# What does the equation 9y^2-4x^2=36 tell me about its hyperbola?

Sep 13, 2014

Before we start interpreting our hyperbola, we want to set it in standard form first. Meaning, we want it to be in ${y}^{2} / {a}^{2} - {x}^{2} / {b}^{2} = 1$ form. To do this, we start by dividing both sides by 36, to get 1 on the left side. Once that's done, you should have:

${y}^{2} / 4 - {x}^{2} / 9 = 1$

Once you have this, we can make a few observations:

1. There is no h and k
2. It is a ${y}^{2} / {a}^{2}$ hyperbola (which means that it has a vertical transverse axis.

Now we can begin to find some things. I will guide you through how to find some of the things most teachers will ask you to find on tests or quizzes:

1. Center
2. Vertices
3.Foci
3. Asymptotes

Look at the illustration below to get a good idea of what goes where and how the picture looks: Since there is no h or k, we know that it is a hyperbola with a center at the origin (0,0).

The vertices are simply the points at which the hyperbola's branches begin to curve either way.
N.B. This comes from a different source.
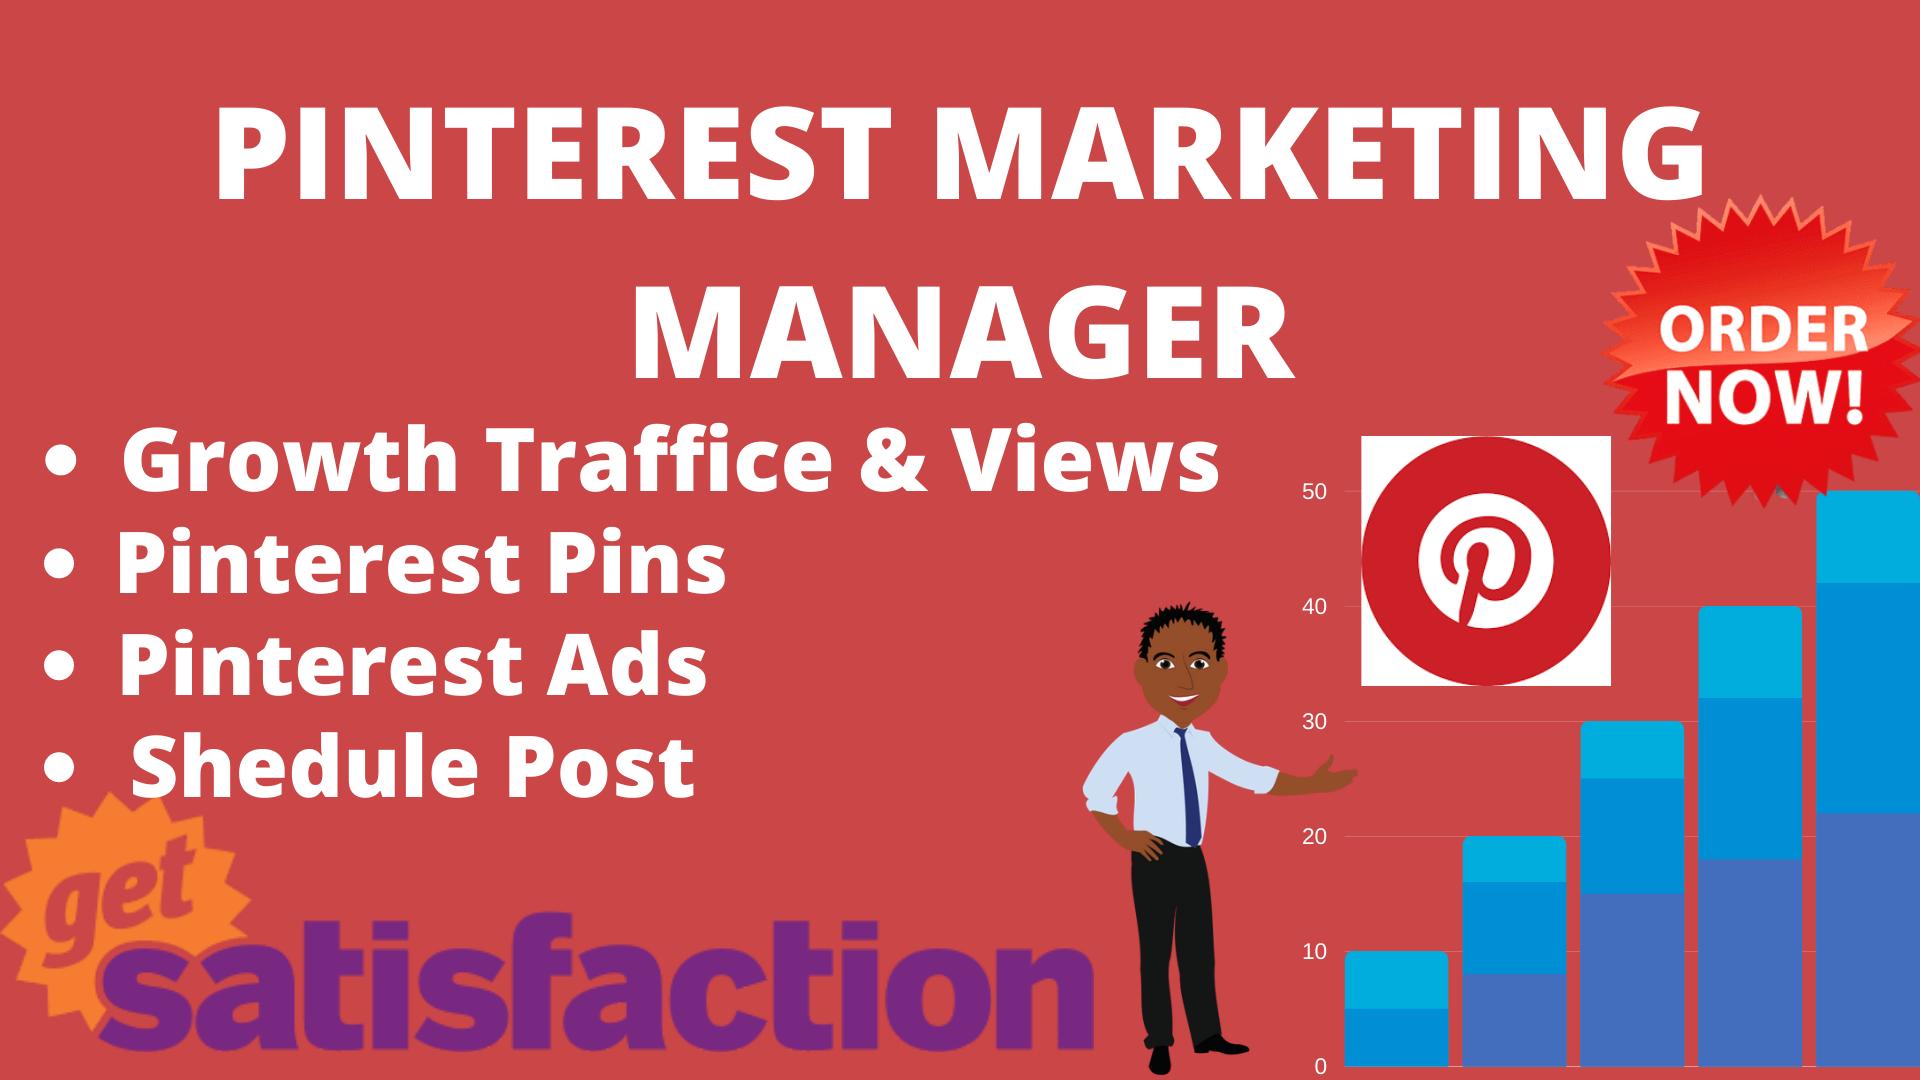 40 Real Pinterest Repin Social Signals SEO Ranking 2020 for 2

As displayed in the diagram, we know that they are simply $\left(0 , \pm a\right)$.

So once we find $a$ from our equation ($\sqrt{4} =$ 2), we can plug it in and get the coordinates of our vertices: (0,2) and (0,-2).
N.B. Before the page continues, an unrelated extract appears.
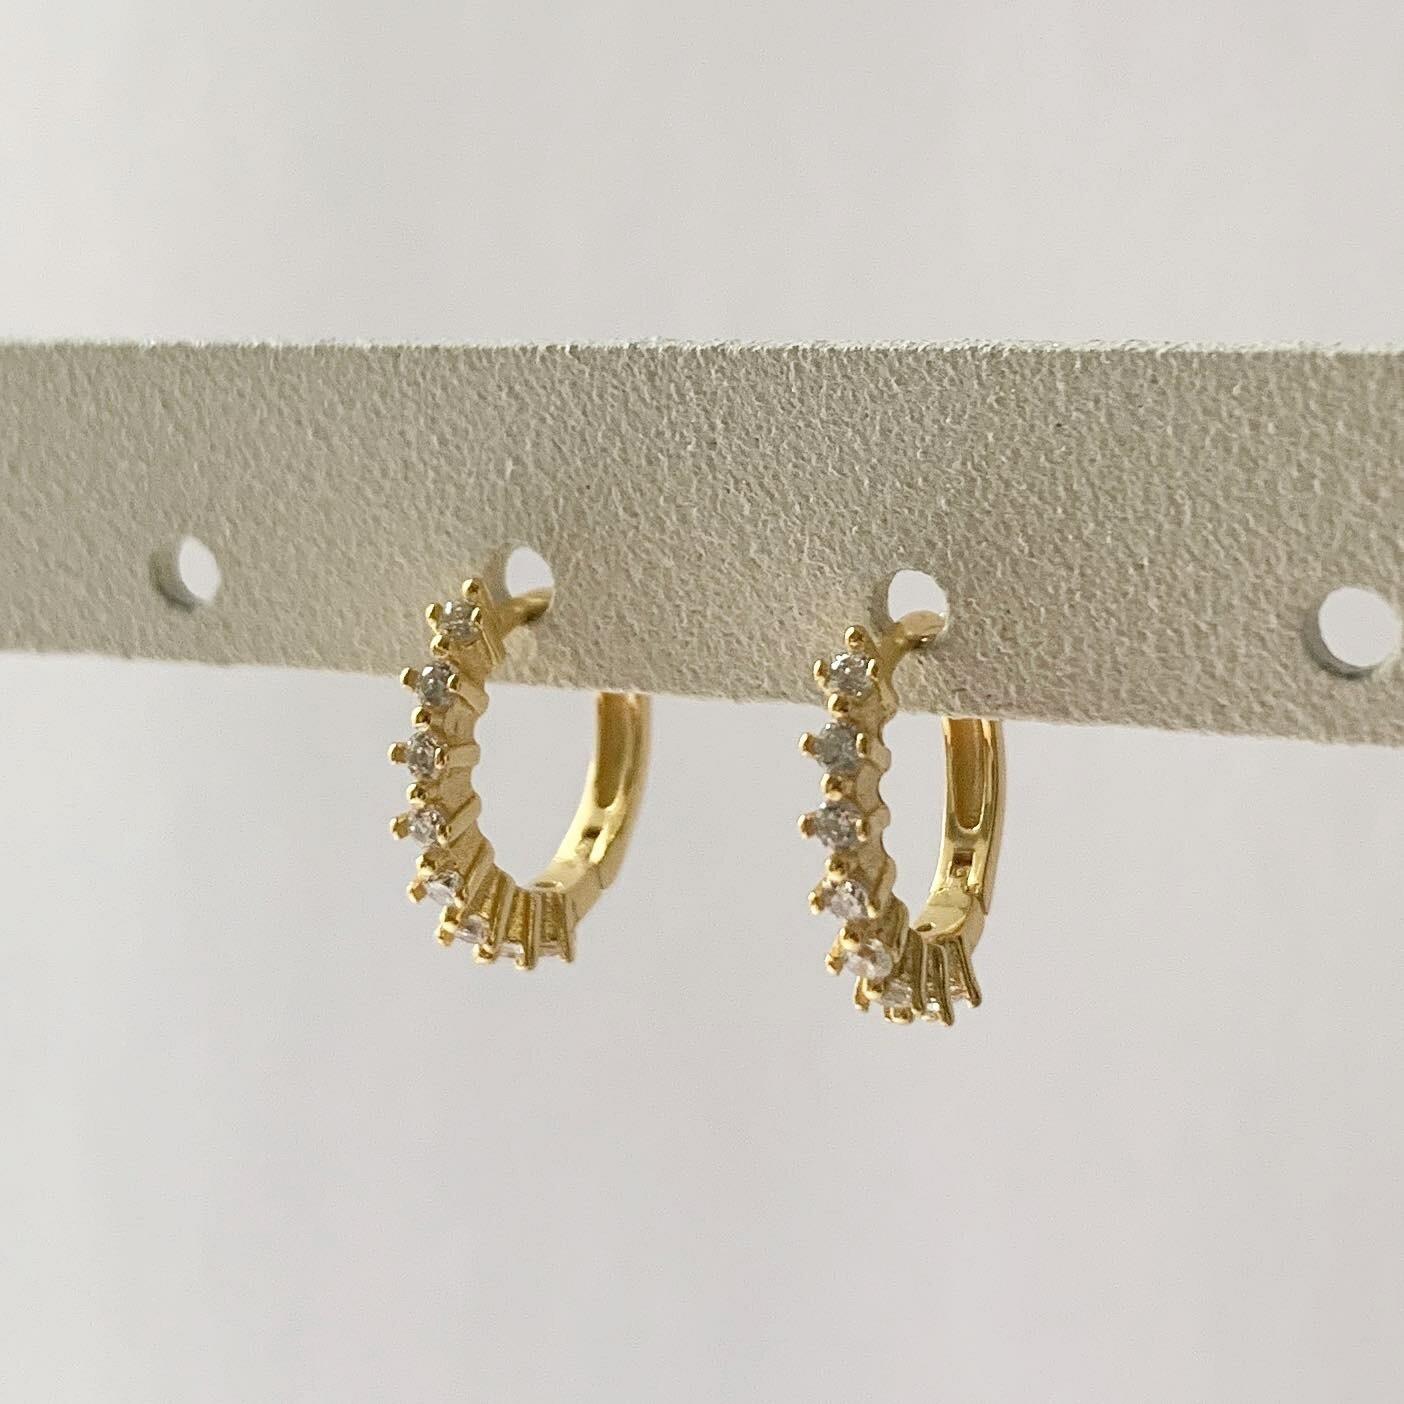 Lovely oorringetjes goud / 925 sterling zilver

The foci are points that are the same distance from the vertices as the vertices are from the center. We usually label them with the variable $c$.They can be found using the following formula: ${c}^{2} = {a}^{2} + {b}^{2}$.
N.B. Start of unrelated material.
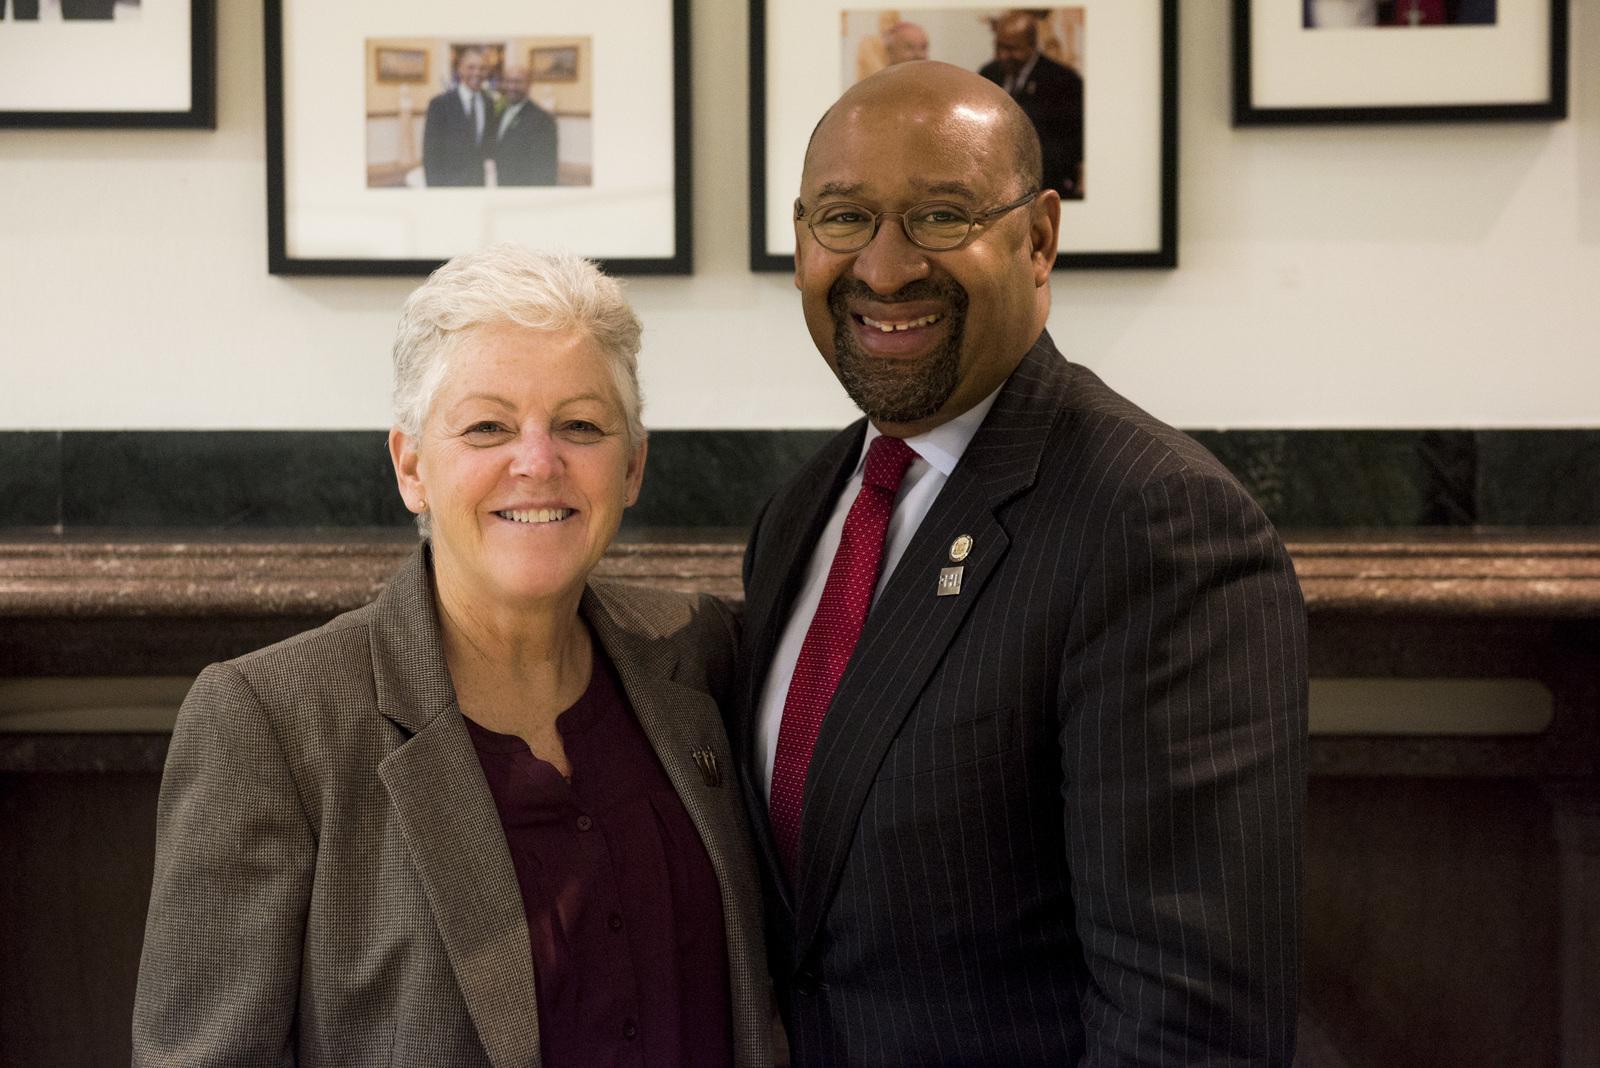 Office of the Administrator - Philadelphia - Administrator Gina McCarthy visiting the Food Lab at Drexel University [412-APD-1265-2014-11-14_Philadelphia_044.jpg]

So now we plug in our ${a}^{2}$ and ${b}^{2}$. Keep in mind that what we have in the equation is already squared, so we don't need to square it again.

$4 + 9 = {c}^{2}$
$c = \pm \sqrt{13}$

Our foci are always on the same vertical line as the vertices. So we know that our foci will be (0,$\sqrt{13}$) and (0, $- \sqrt{13}$).

Lastly, we have our asymptotes. Asymptotes are simply "barriers" that prevent the branches from simply carrying straight on into space, and forcing them to curve.

As indicated by the picture, our asymptotes are simply the lines $y = \pm \frac{a}{b} x$

So all we need to do is to plug in our stuff, and our asymptotes are $y = \frac{2}{3} x$ and $y = - \frac{2}{3} x$

Hope that helps :)